On Mon, Jan 13, 2020 at 02:10:52PM -0800, Oliver Upton wrote:
> Since commit 5f3d45e7f282 ("kvm/x86: add support for
> MONITOR_TRAP_FLAG"), KVM has allowed an L1 guest to use the monitor trap
> flag processor-based execution control for its L2 guest. KVM simply
> forwards any MTF VM-exits to the L1 guest, which works for normal
> instruction execution.
> 
> However, when KVM needs to emulate an instruction on the behalf of an L2
> guest, the monitor trap flag is not emulated.

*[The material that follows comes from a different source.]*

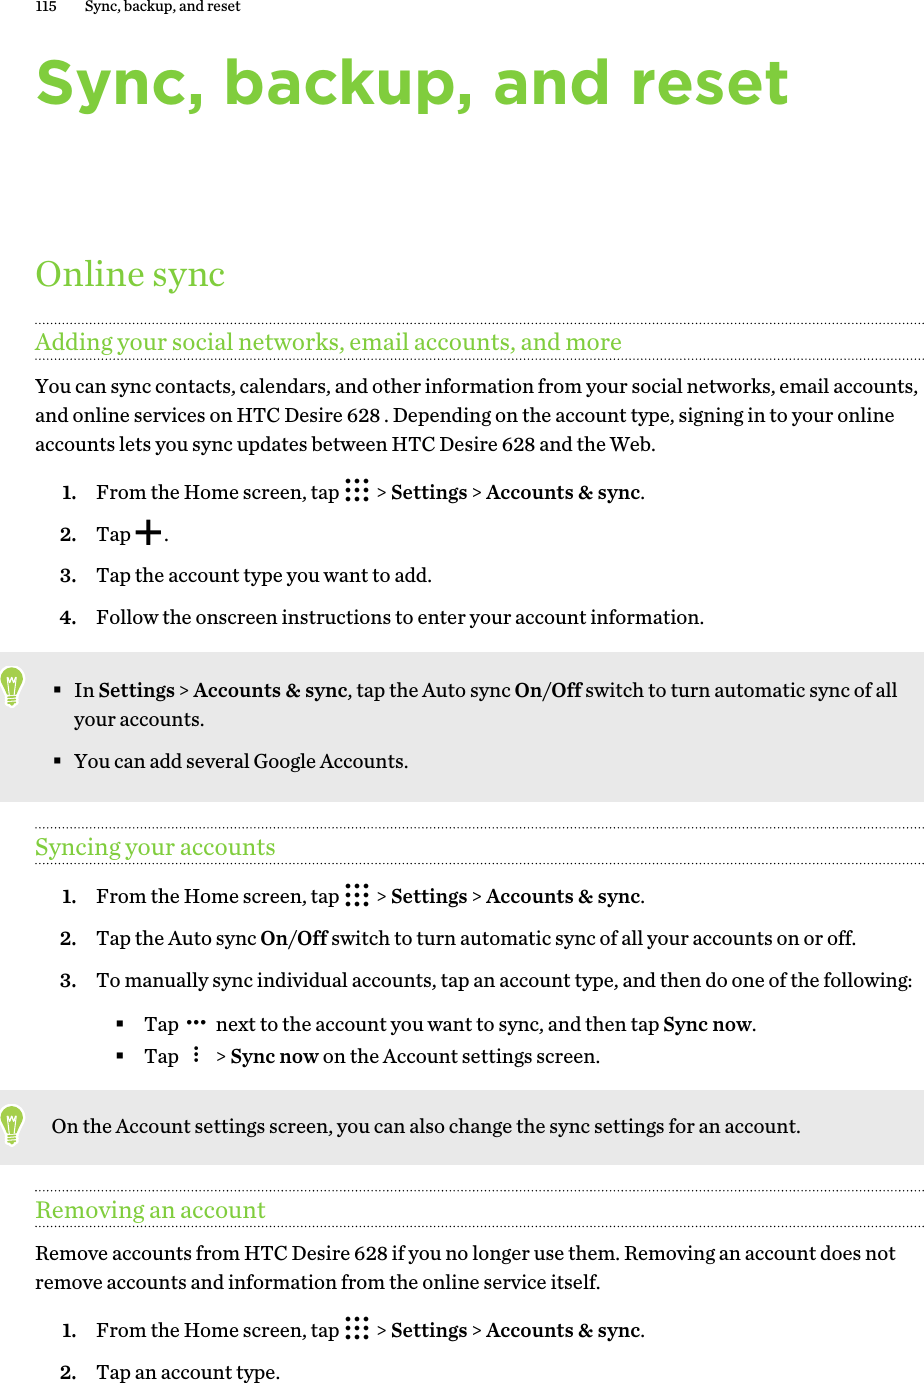 Sync, backup, and resetOnline syncAdding your social networks, email accounts, and moreYou can sync contacts, calendars, and other information from your social networks, email accounts,and online services on HTC Desire 628 . Depending on the account type, signing in to your onlineaccounts lets you sync updates between HTC Desire 628 and the Web.1. From the Home screen, tap   &gt; Settings &gt; Accounts &amp; sync.2. Tap  .3. Tap the account type you want to add.4. Follow the onscreen instructions to enter your account information.§In Settings &gt; Accounts &amp; sync, tap the Auto sync On/Off switch to turn automatic sync of allyour accounts.§You can add several Google Accounts.Syncing your accounts1. From the Home screen, tap   &gt; Settings &gt; Accounts &amp; sync.2. Tap the Auto sync On/Off switch to turn automatic sync of all your accounts on or off.3. To manually sync individual accounts, tap an account type, and then do one of the following:§Tap   next to the account you want to sync, and then tap Sync now.§Tap   &gt; Sync now on the Account settings screen.On the Account settings screen, you can also change the sync settings for an account.Removing an accountRemove accounts from HTC Desire 628 if you no longer use them. Removing an account does notremove accounts and information from the online service itself.1. From the Home screen, tap   &gt; Settings &gt; Accounts &amp; sync.2. Tap an account type.115 Sync, backup, and reset

Add the necessary logic to
> kvm_skip_emulated_instruction() to synthesize an MTF VM-exit to L1 upon
> instruction emulation for L2.

This only fixes the flows where KVM is doing "fast" emulation, or whatever
you want to call it.  The full emulation paths are still missing proper MTF
support.  Dunno if it makes sense to fix it all at once, e.g. if the full
emulation is stupid complex, but at a minimum the gaps should be called out
with a brief explanation of why they're not being addressed.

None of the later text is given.